_TASK ITEM:_
From the material below, please set down exactly the lines starting with the one with "Chapter02 - Adapting" and going on through the one with "Tree Hammocks Portable", without a single picture.

*** MATERIAL PROVIDED Section Begins ***

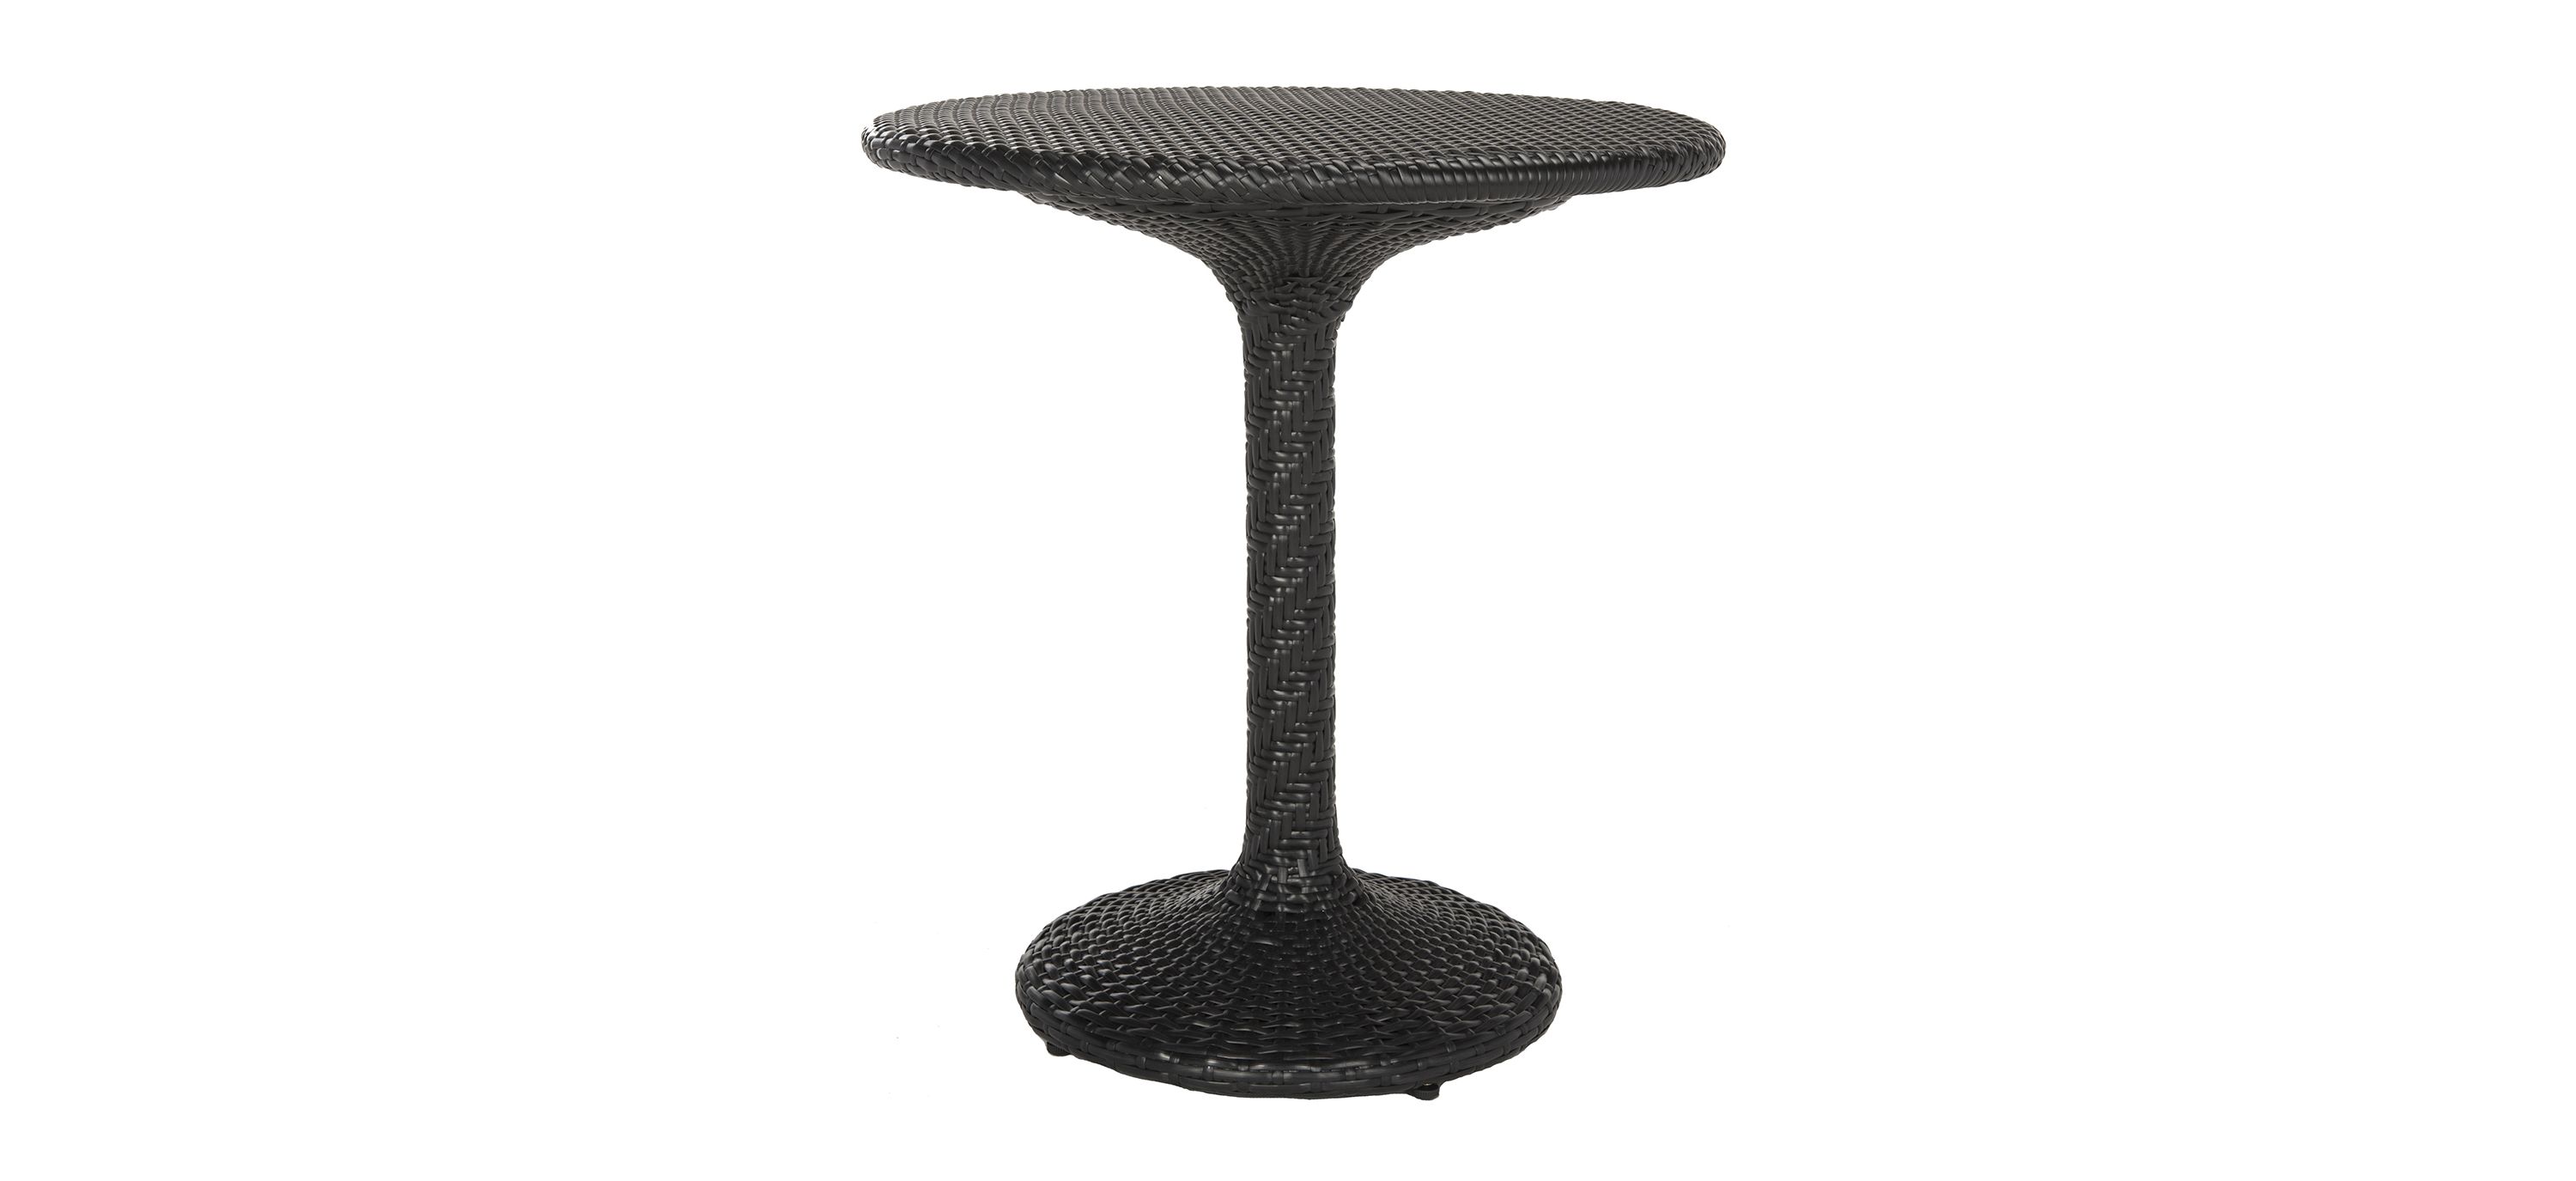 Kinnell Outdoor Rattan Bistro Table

*** MATERIAL PROVIDED Section Ends ***
*** MATERIAL PROVIDED Section Begins ***

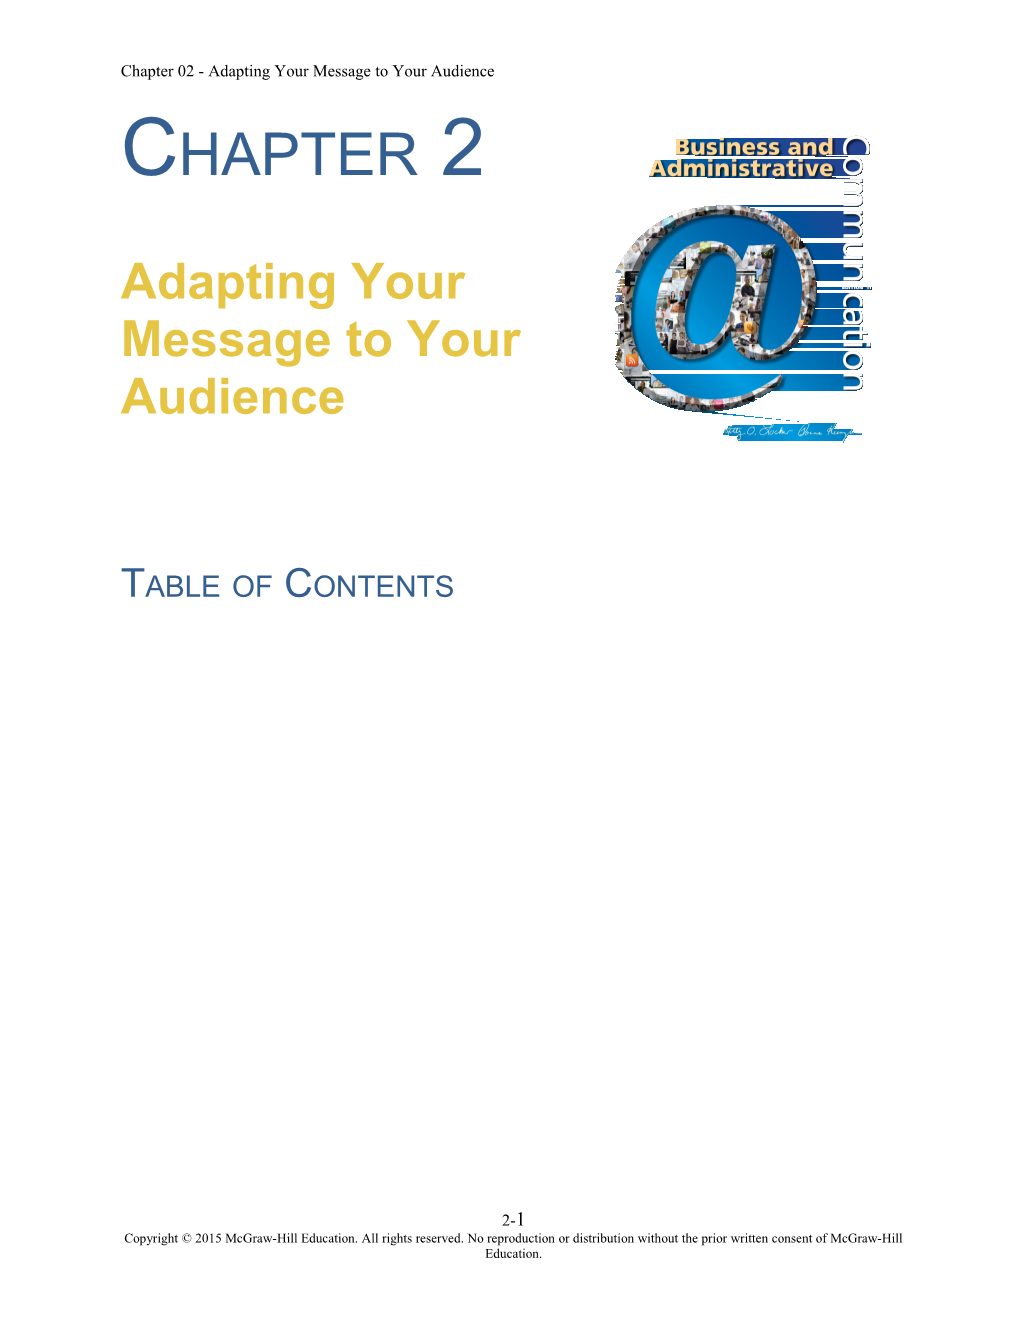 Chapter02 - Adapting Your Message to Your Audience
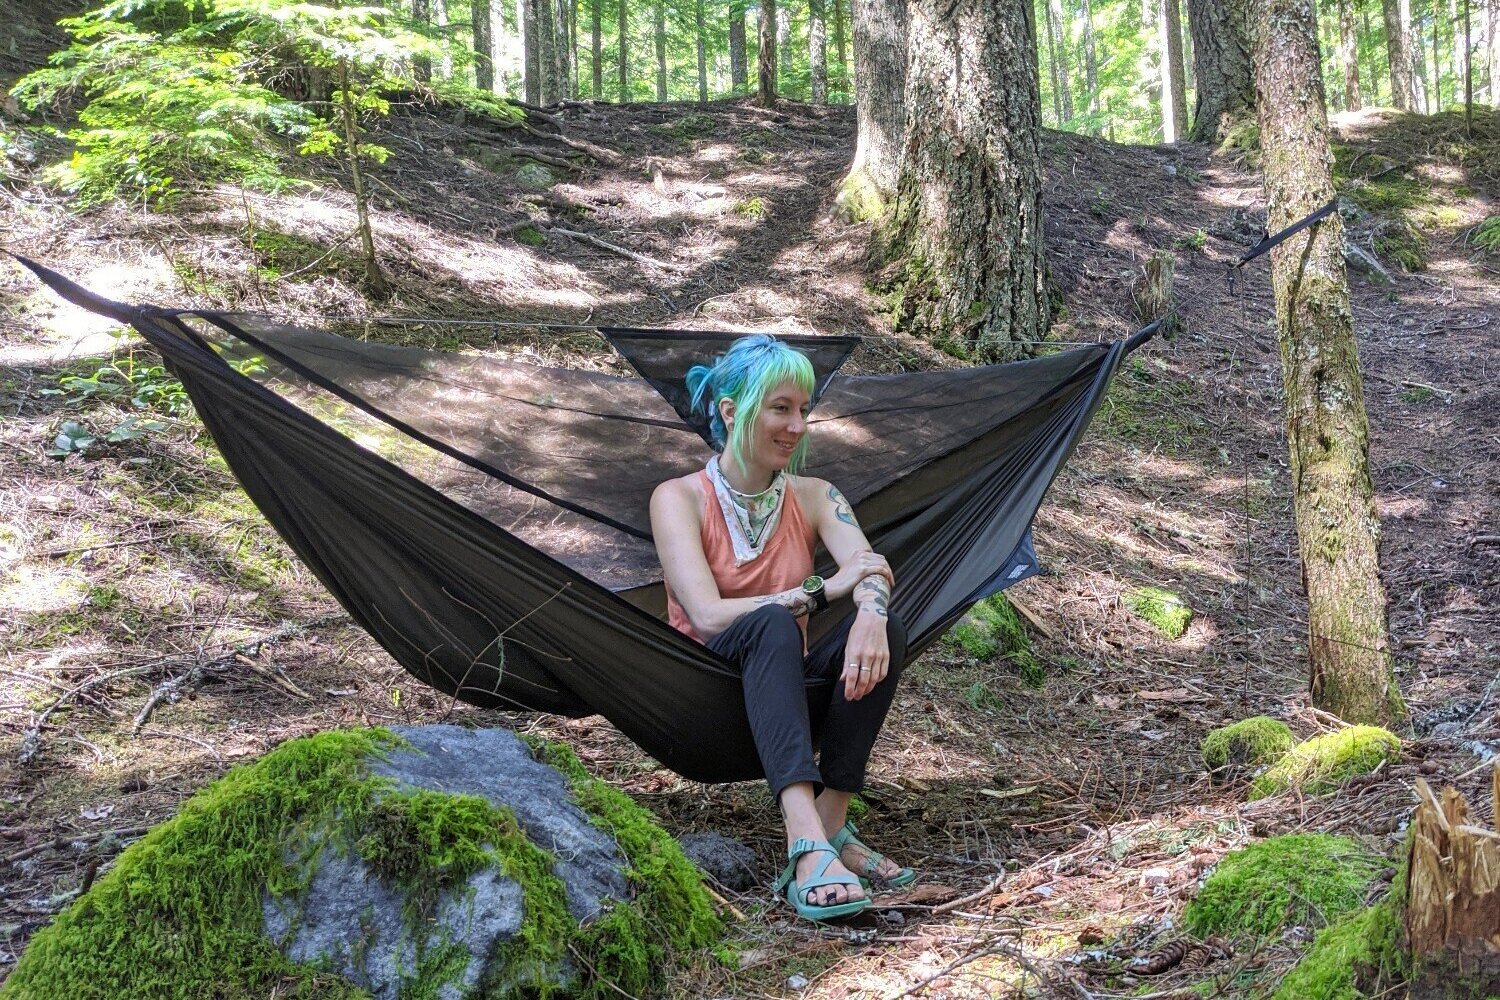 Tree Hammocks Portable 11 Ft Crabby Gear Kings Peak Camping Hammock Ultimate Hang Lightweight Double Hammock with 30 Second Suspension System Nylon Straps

*** MATERIAL PROVIDED Section Ends ***

_EXERCISE ANSWER:_
 Chapter02 - Adapting Your Message to Your Audience
 Tree Hammocks Portable 11 Ft Crabby Gear Kings Peak Camping Hammock Ultimate Hang Lightweight Double Hammock with 30 Second Suspension System Nylon Straps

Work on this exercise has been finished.